[PROVIDED ENTRIES — start]

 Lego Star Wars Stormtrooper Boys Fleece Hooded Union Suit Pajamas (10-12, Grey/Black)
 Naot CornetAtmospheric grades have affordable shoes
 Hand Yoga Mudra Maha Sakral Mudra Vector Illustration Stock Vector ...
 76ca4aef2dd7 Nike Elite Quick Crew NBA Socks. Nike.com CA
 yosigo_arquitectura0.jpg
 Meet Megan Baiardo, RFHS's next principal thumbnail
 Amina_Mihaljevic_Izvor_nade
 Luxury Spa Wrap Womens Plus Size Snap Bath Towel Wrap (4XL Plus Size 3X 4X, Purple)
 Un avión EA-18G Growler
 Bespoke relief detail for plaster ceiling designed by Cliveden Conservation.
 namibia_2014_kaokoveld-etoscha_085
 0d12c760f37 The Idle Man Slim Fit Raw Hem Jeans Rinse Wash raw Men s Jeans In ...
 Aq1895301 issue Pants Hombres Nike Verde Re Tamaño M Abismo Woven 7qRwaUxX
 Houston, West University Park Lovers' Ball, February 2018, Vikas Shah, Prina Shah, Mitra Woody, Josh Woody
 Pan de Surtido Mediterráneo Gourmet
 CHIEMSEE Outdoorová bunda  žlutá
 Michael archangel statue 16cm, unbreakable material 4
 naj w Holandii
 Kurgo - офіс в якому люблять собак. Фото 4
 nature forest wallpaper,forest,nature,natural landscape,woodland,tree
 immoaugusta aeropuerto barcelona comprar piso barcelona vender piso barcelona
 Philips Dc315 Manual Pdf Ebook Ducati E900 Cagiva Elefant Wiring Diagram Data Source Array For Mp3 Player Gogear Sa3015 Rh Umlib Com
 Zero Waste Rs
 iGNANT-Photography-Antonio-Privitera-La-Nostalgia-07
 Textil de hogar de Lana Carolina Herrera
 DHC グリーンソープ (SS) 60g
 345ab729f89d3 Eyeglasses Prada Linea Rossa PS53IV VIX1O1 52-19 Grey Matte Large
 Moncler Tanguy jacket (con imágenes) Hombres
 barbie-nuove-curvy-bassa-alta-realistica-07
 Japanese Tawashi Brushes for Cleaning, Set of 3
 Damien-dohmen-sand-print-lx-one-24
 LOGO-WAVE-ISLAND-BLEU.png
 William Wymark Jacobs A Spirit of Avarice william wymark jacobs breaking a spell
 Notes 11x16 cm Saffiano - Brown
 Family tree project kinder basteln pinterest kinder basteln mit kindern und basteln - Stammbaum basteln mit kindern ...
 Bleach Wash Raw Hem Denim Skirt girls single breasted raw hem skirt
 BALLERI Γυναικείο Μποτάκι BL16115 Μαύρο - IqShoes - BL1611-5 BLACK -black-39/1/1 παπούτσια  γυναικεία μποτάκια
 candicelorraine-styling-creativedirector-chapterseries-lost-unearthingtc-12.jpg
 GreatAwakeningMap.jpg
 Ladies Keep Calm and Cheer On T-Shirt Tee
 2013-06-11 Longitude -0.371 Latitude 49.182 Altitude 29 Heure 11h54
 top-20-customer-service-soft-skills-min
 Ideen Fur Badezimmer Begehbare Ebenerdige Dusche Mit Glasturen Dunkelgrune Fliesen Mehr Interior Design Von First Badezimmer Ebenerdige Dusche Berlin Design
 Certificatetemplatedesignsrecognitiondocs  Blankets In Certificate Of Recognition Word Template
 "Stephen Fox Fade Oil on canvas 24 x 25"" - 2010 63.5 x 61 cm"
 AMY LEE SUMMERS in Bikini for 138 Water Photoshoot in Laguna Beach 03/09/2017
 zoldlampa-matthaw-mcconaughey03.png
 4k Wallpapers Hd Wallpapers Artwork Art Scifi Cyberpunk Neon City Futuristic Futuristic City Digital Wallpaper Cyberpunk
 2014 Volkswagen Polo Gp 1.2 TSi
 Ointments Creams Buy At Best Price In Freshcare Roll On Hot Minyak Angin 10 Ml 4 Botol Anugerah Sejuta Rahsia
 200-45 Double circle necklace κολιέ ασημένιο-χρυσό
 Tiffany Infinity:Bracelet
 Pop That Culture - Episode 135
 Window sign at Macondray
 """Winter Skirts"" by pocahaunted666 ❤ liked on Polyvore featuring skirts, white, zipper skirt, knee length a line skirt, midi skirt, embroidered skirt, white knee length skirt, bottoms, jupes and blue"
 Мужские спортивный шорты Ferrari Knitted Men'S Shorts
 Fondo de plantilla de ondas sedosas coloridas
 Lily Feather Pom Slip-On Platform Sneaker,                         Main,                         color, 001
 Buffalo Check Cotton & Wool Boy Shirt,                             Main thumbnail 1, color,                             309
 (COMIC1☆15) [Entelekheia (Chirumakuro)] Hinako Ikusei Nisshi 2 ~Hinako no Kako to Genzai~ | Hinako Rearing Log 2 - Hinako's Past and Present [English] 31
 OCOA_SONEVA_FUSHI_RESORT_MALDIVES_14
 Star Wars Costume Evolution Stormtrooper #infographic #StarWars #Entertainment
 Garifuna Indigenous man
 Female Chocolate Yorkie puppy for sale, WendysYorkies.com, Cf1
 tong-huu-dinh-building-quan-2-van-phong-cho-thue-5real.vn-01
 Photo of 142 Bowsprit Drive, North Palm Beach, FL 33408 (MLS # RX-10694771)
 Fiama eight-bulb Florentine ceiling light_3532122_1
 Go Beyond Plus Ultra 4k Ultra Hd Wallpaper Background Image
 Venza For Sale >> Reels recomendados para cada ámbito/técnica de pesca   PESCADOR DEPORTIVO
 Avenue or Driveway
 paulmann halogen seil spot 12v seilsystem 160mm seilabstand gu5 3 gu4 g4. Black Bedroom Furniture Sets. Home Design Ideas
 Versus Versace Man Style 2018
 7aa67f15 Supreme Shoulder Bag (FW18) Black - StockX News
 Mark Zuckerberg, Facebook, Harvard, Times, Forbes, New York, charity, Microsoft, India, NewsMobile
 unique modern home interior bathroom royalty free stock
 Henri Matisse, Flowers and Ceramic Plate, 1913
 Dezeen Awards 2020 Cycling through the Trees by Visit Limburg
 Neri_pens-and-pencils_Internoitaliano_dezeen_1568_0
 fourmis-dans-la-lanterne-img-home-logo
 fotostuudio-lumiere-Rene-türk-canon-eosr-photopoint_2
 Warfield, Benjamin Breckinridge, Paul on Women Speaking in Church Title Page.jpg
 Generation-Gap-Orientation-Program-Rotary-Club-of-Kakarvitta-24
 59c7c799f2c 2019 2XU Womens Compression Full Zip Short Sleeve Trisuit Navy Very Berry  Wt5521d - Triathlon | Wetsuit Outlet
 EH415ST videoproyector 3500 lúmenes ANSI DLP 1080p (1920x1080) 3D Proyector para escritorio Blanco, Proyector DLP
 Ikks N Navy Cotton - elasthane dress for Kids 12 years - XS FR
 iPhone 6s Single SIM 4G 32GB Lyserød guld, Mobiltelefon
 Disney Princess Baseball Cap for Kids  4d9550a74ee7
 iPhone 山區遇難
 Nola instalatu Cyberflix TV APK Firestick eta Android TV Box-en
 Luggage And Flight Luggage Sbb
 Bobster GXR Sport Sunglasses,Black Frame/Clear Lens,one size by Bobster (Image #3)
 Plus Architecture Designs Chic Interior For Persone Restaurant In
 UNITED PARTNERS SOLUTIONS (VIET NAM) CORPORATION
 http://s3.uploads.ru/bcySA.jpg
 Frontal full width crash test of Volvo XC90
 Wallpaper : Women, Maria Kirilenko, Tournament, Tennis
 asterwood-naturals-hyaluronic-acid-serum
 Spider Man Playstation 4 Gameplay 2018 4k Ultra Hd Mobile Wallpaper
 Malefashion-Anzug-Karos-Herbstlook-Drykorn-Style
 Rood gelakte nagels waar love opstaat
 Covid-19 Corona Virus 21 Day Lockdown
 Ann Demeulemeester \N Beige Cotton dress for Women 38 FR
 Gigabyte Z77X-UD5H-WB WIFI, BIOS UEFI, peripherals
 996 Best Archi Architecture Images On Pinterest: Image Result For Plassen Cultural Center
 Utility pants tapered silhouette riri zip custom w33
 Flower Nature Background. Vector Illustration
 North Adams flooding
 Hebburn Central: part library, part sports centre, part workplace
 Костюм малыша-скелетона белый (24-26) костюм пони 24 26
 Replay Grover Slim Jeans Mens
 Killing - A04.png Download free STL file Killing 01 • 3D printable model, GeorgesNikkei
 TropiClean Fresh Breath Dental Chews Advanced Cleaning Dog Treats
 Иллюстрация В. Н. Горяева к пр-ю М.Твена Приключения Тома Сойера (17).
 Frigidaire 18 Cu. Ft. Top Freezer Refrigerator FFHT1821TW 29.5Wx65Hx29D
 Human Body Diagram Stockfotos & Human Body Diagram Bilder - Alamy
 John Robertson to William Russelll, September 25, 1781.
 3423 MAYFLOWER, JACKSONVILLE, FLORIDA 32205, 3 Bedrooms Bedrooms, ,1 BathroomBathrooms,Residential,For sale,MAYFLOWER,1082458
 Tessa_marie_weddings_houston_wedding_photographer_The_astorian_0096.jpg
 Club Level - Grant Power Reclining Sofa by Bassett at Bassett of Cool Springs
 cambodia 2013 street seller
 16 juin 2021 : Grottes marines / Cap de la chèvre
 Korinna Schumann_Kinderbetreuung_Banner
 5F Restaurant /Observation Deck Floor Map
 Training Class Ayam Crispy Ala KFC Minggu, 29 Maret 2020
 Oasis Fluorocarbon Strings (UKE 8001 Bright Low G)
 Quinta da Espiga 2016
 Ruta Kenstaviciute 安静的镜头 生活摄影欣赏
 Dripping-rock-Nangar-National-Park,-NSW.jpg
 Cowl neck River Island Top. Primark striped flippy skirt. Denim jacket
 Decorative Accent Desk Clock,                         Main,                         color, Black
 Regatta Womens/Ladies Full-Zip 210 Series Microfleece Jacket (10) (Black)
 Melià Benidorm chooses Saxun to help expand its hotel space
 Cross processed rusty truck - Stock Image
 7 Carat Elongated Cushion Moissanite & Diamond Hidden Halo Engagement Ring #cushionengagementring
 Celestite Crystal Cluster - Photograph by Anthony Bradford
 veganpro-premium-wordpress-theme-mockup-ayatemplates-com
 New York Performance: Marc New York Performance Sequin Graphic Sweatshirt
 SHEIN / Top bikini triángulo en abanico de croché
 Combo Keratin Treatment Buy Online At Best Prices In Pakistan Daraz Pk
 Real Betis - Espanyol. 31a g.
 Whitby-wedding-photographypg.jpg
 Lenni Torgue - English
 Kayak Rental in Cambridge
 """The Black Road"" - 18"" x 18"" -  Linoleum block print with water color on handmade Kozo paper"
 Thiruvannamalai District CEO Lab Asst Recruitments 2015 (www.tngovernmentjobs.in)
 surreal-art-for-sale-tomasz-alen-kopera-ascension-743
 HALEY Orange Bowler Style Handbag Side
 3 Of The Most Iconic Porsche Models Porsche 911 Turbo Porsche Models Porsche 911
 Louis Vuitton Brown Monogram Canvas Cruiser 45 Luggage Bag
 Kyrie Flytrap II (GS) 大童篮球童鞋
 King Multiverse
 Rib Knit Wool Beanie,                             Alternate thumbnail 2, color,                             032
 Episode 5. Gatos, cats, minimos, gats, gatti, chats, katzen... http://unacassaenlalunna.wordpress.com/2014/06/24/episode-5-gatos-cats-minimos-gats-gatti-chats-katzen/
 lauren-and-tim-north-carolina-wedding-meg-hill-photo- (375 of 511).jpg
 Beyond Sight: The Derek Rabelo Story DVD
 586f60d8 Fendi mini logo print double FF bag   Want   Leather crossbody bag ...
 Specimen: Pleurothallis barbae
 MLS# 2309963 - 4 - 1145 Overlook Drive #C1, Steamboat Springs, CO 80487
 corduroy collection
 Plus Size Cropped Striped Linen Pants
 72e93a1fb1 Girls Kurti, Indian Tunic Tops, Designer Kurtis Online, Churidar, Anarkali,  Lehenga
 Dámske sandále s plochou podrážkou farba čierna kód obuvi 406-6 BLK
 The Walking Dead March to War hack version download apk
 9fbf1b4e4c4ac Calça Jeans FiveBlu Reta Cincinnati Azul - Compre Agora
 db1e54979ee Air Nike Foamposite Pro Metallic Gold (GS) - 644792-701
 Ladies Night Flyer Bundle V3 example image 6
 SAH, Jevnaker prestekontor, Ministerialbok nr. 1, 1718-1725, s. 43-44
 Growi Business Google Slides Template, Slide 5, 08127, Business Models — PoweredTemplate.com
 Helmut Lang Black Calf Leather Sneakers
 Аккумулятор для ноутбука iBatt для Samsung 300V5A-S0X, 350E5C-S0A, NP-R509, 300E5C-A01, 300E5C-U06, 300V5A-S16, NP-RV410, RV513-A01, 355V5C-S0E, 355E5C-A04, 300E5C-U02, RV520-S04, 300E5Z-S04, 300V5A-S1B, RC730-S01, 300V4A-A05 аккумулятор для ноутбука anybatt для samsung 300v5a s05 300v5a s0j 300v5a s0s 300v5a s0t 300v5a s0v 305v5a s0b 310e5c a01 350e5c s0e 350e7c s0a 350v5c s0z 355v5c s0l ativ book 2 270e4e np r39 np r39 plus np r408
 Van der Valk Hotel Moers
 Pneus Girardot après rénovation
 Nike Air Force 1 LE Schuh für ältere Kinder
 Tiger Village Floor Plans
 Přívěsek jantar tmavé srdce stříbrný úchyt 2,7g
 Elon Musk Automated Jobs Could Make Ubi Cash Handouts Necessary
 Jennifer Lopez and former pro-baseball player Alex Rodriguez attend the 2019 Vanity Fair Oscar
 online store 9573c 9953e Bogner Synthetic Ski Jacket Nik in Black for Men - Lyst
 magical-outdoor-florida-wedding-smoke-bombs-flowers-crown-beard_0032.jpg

[PROVIDED ENTRIES — finish]

(EXERCISE DESCRIPTION): Every line above that includes the word "Cleaning" must appear in the answer.

(THE COMPLETED TASK):
 Japanese Tawashi Brushes for Cleaning, Set of 3
 TropiClean Fresh Breath Dental Chews Advanced Cleaning Dog Treats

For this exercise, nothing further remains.